The great Lincoln public can remain perfectly cool and indifferent to Chopin's polonaise or Sieverking's pastorale, but over a ballet or a clog dance it loses its head, and when a clown uses his handkerchief to the accompaniment of a bass horn it has raptures and rhapsodies of childish delight. It is pleasant to see a Lincoln audience happy; it is so naive and gleeful, it sports and gambols so.
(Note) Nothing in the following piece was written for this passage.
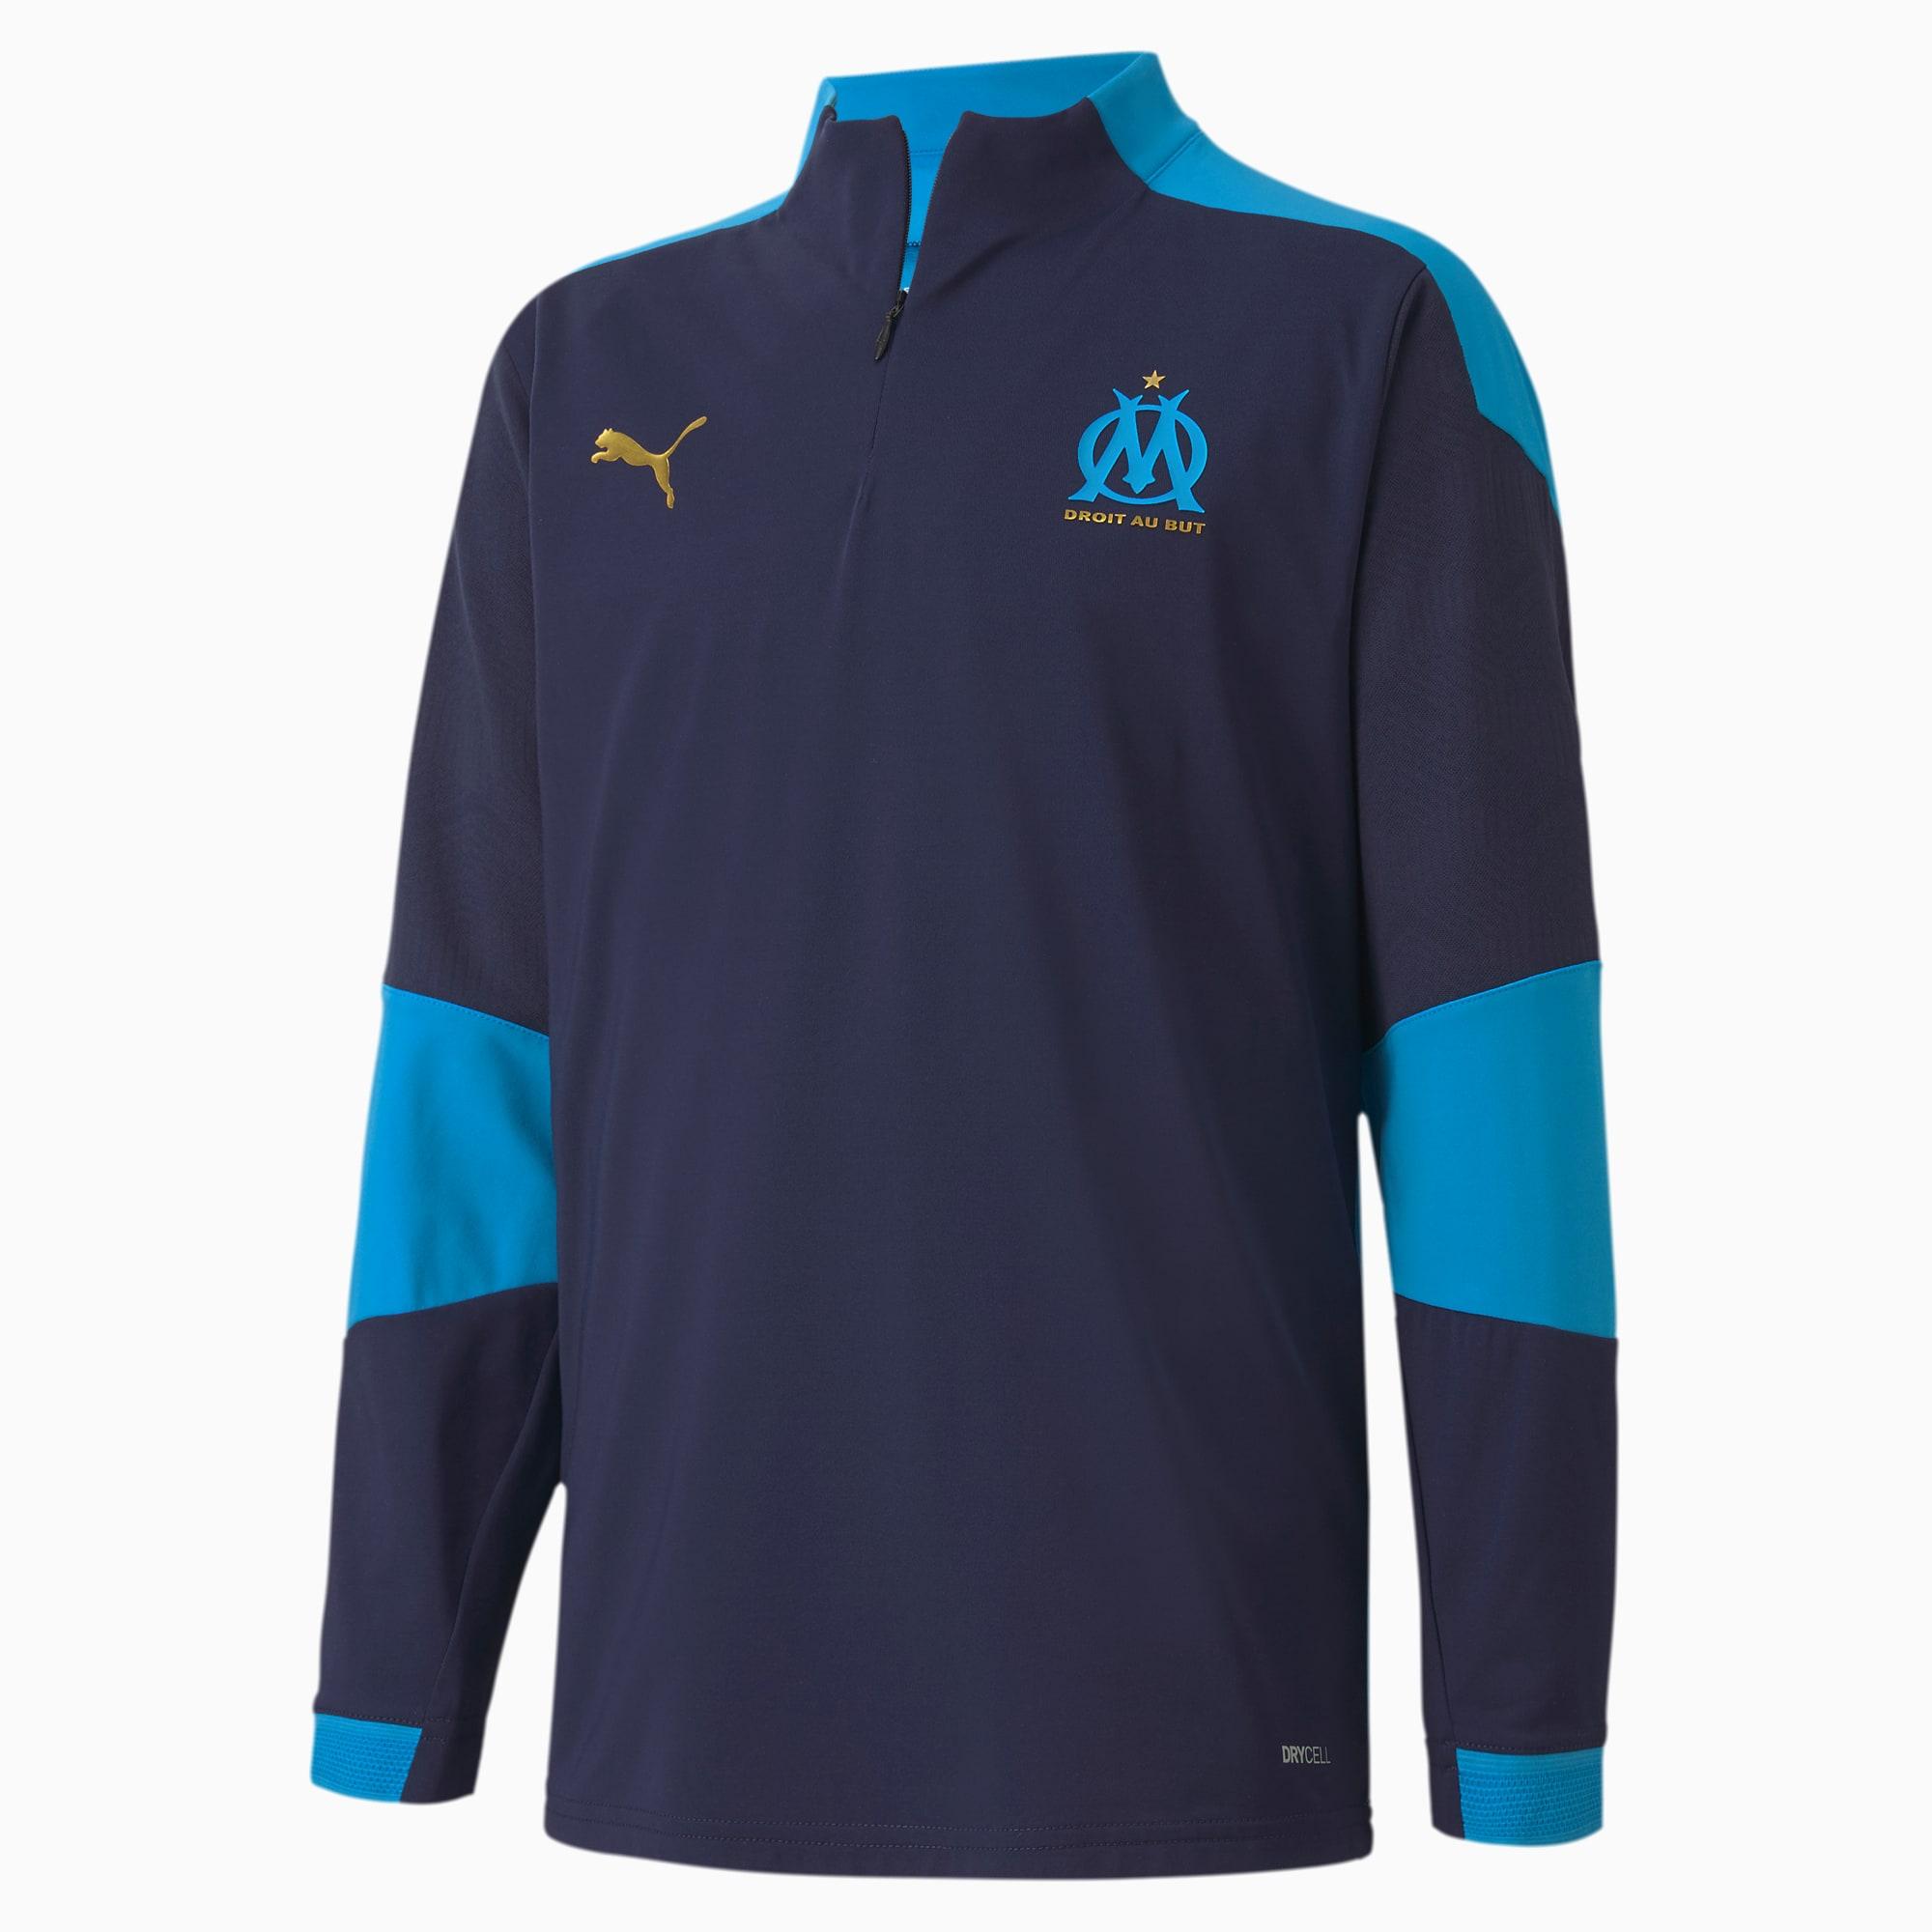 PUMA Olympique de Marseille Youth Training Sweatshirt Für Kinder   Mit Aucun   Blau   Größe: 128

The "Devil's Auction" deals with all people and all climes and with all history, both sacred and profane. It introduces scenes from Milton's "Paradise Lost," and scenes in a patrol wagon. The only way to define the limits of the plot is to say that it deals with the works of nature and that the scene is laid in the universe. The actors and their acts were numerous and all the many specialties were executed and got out of the way with admirable quickness and dispatch. Like all successful spectacular performances it was touch and go, a kaleidoscope in which the greatest number of combinations and colors are produced in the shortest possible length of time. The actors, of course had the usual unpleasant streaks of red across the eyes and spoke in the rapid, tremulous, staccatto tones common in spectacular productions. The best feature of the play was the new song and dance "On the Rialto." Indeed, it was better than most songs and dances. It introduced all the types of actors and actresses who are now "at liberty" on the Rialto in New York. There was the old tragedinne in her faded velvets and faded complexion and faded hair, and the plump soubrette and the leading man in his battered silk hat, the specialty man with his red necktie and all the rest of them. The Salvation army was called into service again; it is not new at all, but in this case its size more than justified the age. Some of the dancing was very good. The two premieres of the dance, Signorita Concettina Chitten and Signorita Emilia Bartoletti , were graceful and skilful. They had good necks and shoulders and chests, and after awhile, at a very late period, almost too late, their dresses began. A dress may seem a trivial thing to speak of, but when there is so very little of them they are not trivial at all, but most important. One had to use an opera glass to find these dresses at all. They recalled that poem of Tennyson's beginning, "Sweet and low, sweet and low." Signorita Adele Amor , in spite of her very sentimental and amorous name, was quite a well-behaved dancer, though from the remarkable and not strictly beautiful development of the popliteal muscles she has evidently been riding a bicycle. She was more moderate in the matter of thoracic display and attended strictly to business, and it was evident that either her mamma or her manager had taught her good manners.